Onderwijsinstellingen moeten buitenlandse netwerken promoten
ACHTERGROND - Ik zag gisteravond een prachtige documentaire over de HEMA, waarin de VPRO een jaar lang de topman Ronald van Zetten volgde. Van Zetten is al meer dan tien jaar CEO: dat is op zich al bijzonder. De manier waarop men met elkaar omgaat, doet me sterk denken aan een familiebedrijf, waarbij ook de lange termijnrelaties met leveranciers onderdeel zijn van de cultuur. Tegelijkertijd is de HEMA in handen van een buitenlandse investeerder, die snelle winsten wil, en is er stevige concurrentie van winkels die veel kortere productieketens hebben. Dat dwingt de HEMA te expanderen en te vernieuwen.

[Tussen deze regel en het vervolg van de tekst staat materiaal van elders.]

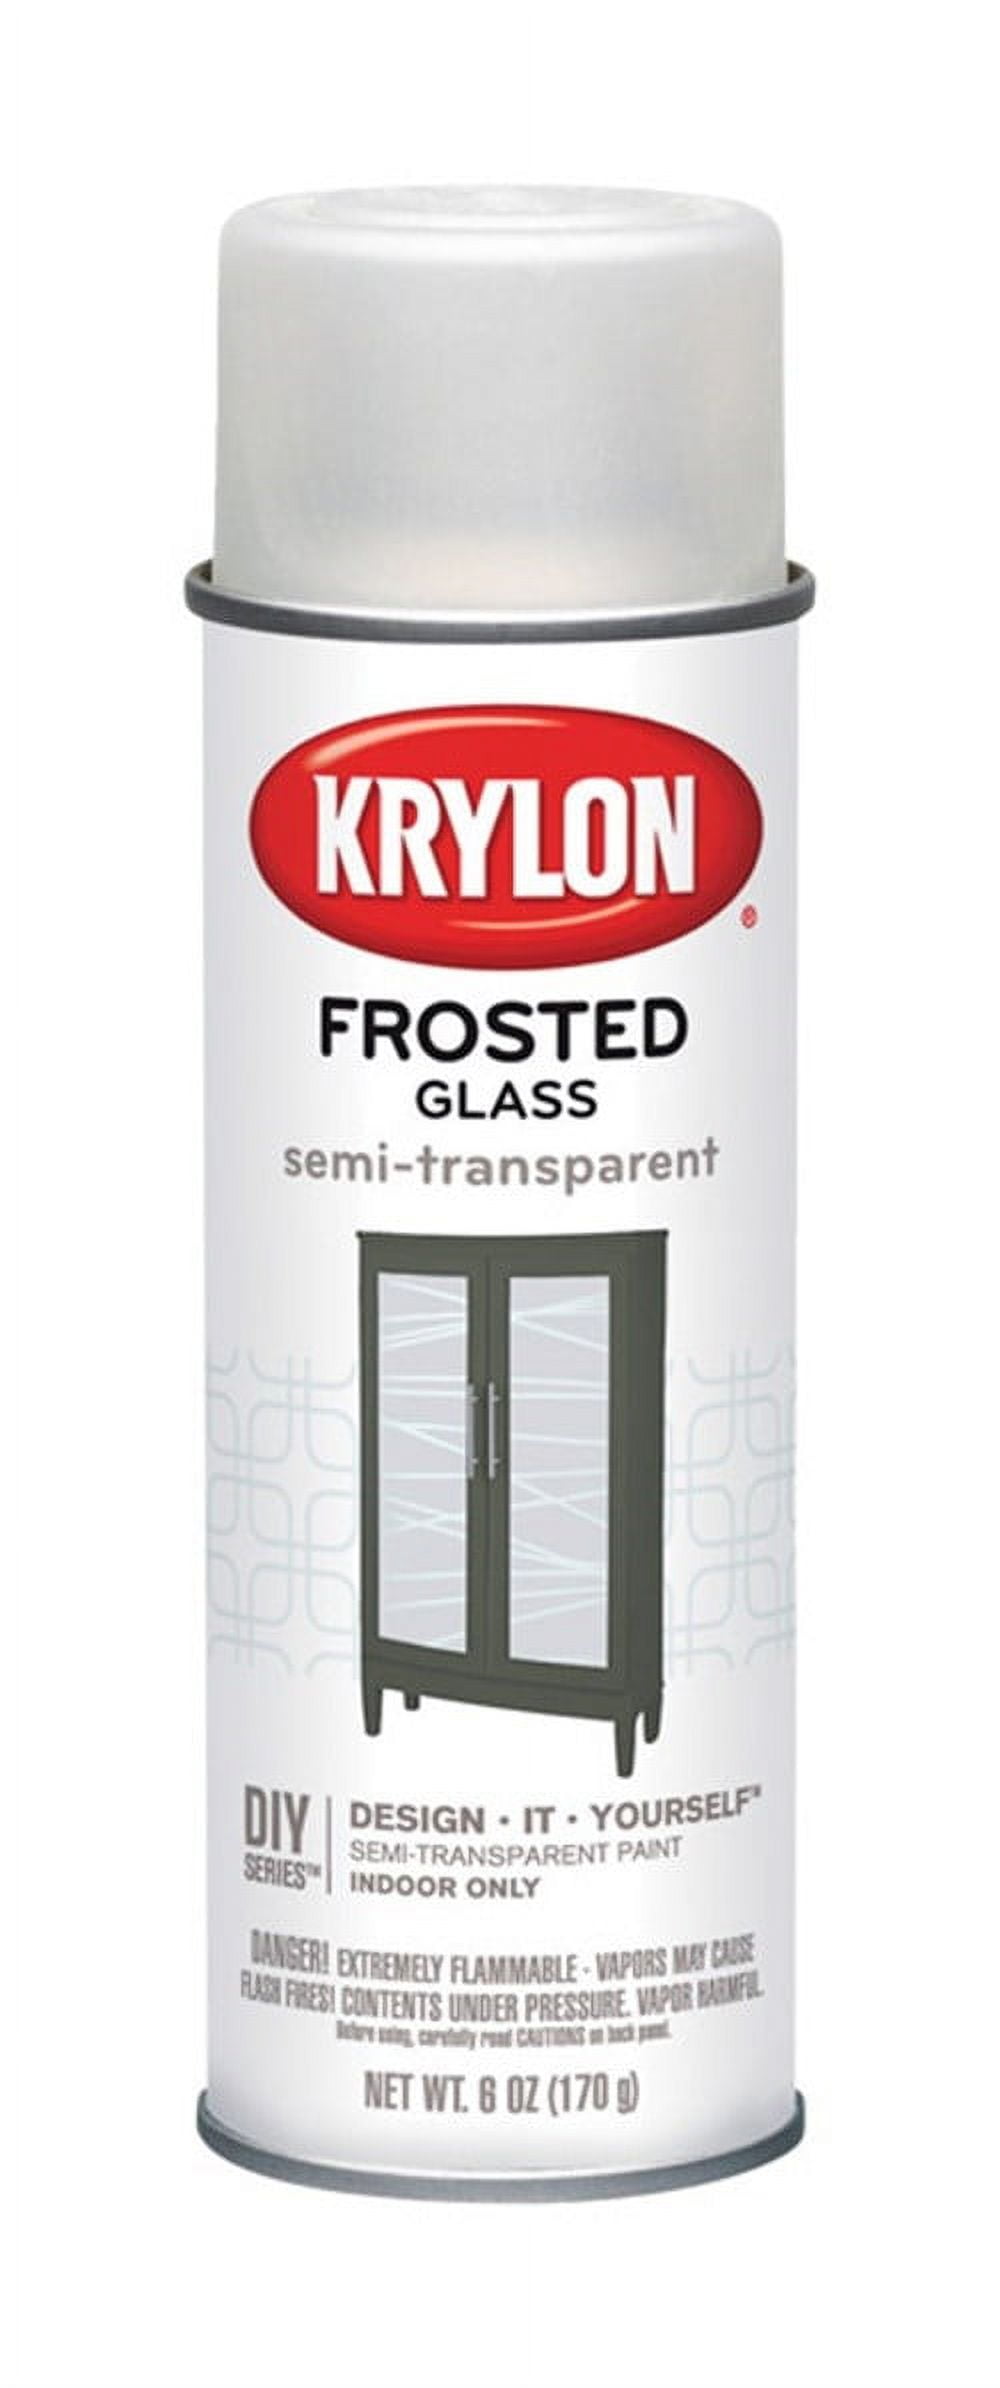 Wqqzjj Office Supplies Frosted Glass Effect Spray Paint, Perfect for Adding Privacy or Creating A Decorative Look on Interior Windows, Mirrors, Shower

We zien Van Zetten met slechts een paar medewerkers op avontuur in Frankrijk en China. De manier waarop dat dan gaat komt wat knullig over. Zo vraagt Van Zetten aan een handdoekenfabrikant of hij wil samenwerken om HEMA-winkels te openen. De beste man heeft vier grote handdoekfabrieken voor ieder werelddeel, en de HEMA is een kleine klant. Of dat nu de meest logische zakenpartner voor expansie is? In Frankrijk test men een nieuwe formule uit, zonder rookworsten, en met kleine winkels. Het gaat allemaal zeer voorzichtig, en op eigen kracht.
Dat is knap, maar met de grafiek van vandaag vroeg ik me twee zaken af:
- weten bedrijven als HEMA dat veel onderwijsinstellingen een veel groter buitenlands netwerk hebben dan zij zelf?
- waarom gebruiken bedrijven die netwerken niet veel beter?